Her body trembled. “Carmi! You didn't write me you were coming home.”

“There was no time. A ship was leaving Italy and they let some of us from the Brigade go aboard.”

She took his hand. “I want you to meet one of the gynecologists I'm working with. You remember I wrote you about Dr. Aron Brzezinski?”

She led him around the dining-room tables. Arik stood up.

“Dr. Brzezinski, may I present Lieutenant Eisenberg?”

The two men shook hands. “Pleased to meet you, Lieutenant. Will you join us?”

“Am I interrupting something—a medical meeting, or a—?” Carmi's eyes moved from Arik to Raquela.

“Not at all.” Arik was expansive. “We're just having lunch together. It's an honor to have you with us.”

“Carmi, you sit right down here next to Arik.” Raquela moved a chair away from the table. “You two get to know each other while I go get you a tray of food.”

She walked to the crowded cafeteria line, the words
Carmi is back
singing in her ears. The two men who meant most to her in the world were now sitting together. Carmi and Arik. Boyfriend and teacher.

The line moved slowly. She hardly noticed. She was fantasizing the next weeks. They were a threesome, walking along Mount Scopus, prowling the Old City. Carmi, twenty-one, dazzling in uniform, the war hero.
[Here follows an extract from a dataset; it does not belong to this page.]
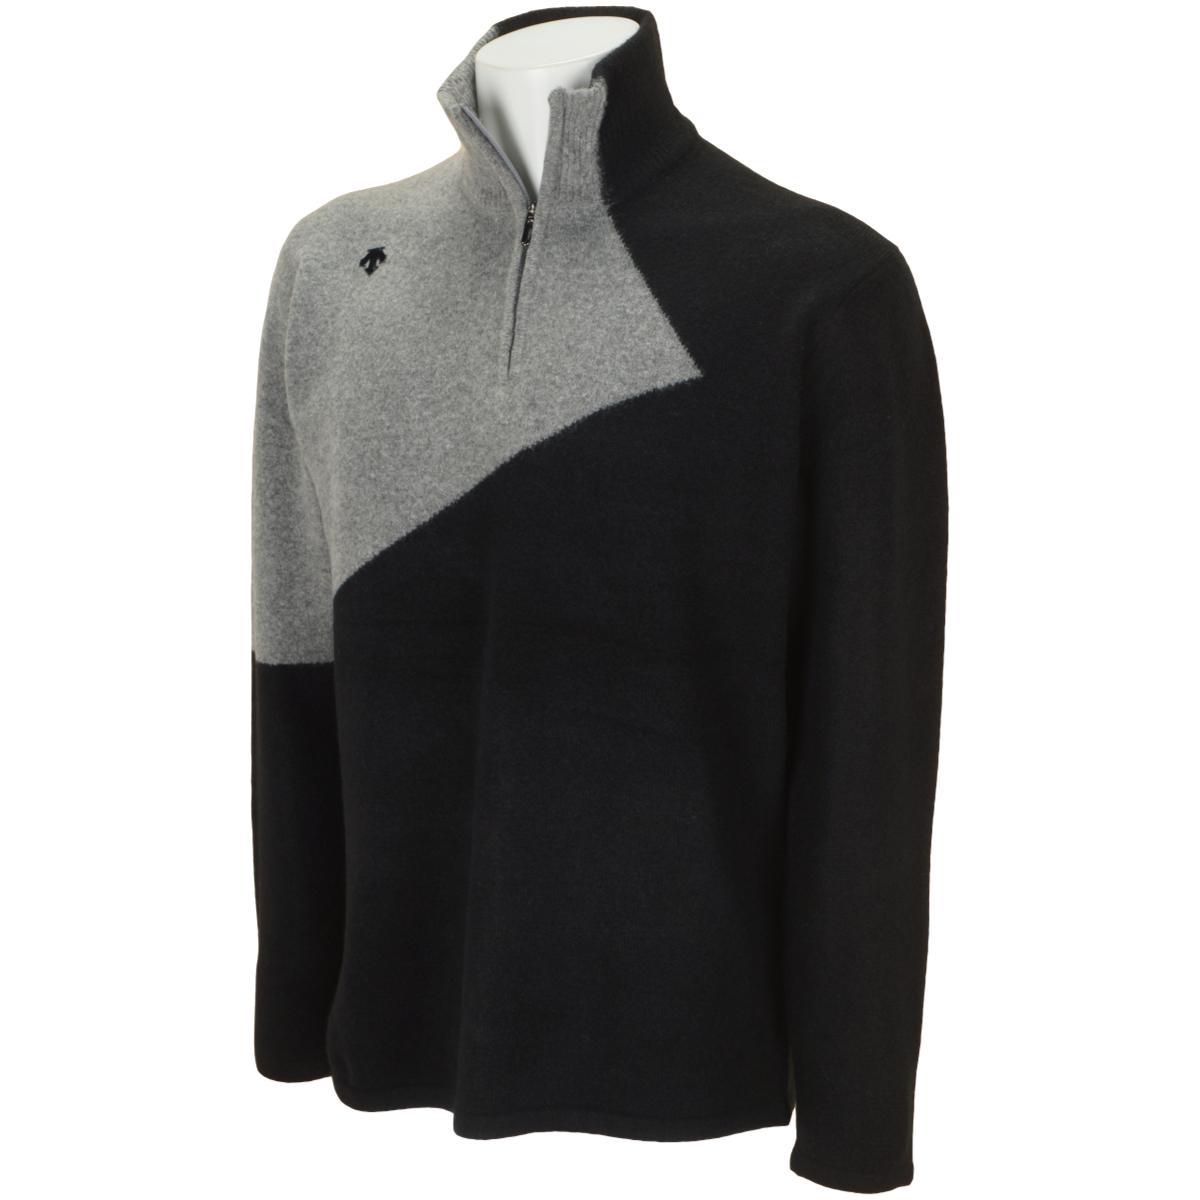 紡毛ジャカードライジング切り替えジップアップセーター

Arik, thirty-five, in his white medical coat, wise, philosophical, her
rebbe
. And she, in her blue gown and crisscrossed white apron, walking between them, holding their arms.

She filled Carmi's tray with boiled chicken, chopped eggplant, rye bread, and tea, and smiled secretly as she carried it through the hospital dining room.

At the table, she stopped short. The two men were silent. What was going on? Carmi looked sullen and glum; Arik looked baffled.

She placed the dishes in front of Carmi and sat down.

She tried to start a conversation a few times, and failed.

Always ask people to talk about what they do
, she had read somewhere.
It brings out the best in them
. She tried it.

“Carmi, I wish you would tell Arik some of those things you wrote me about, some of those things you did with the Jewish Brigade in Italy.”

Carmi glared at her. “I'm not in the mood!”

Arik said, “It's all right. I understand.”

Carmi shoveled the food angrily into his mouth. He was obviously trying to control himself. Finally he exploded, “Do you two eat lunch together like this every day? How long has this been going on?”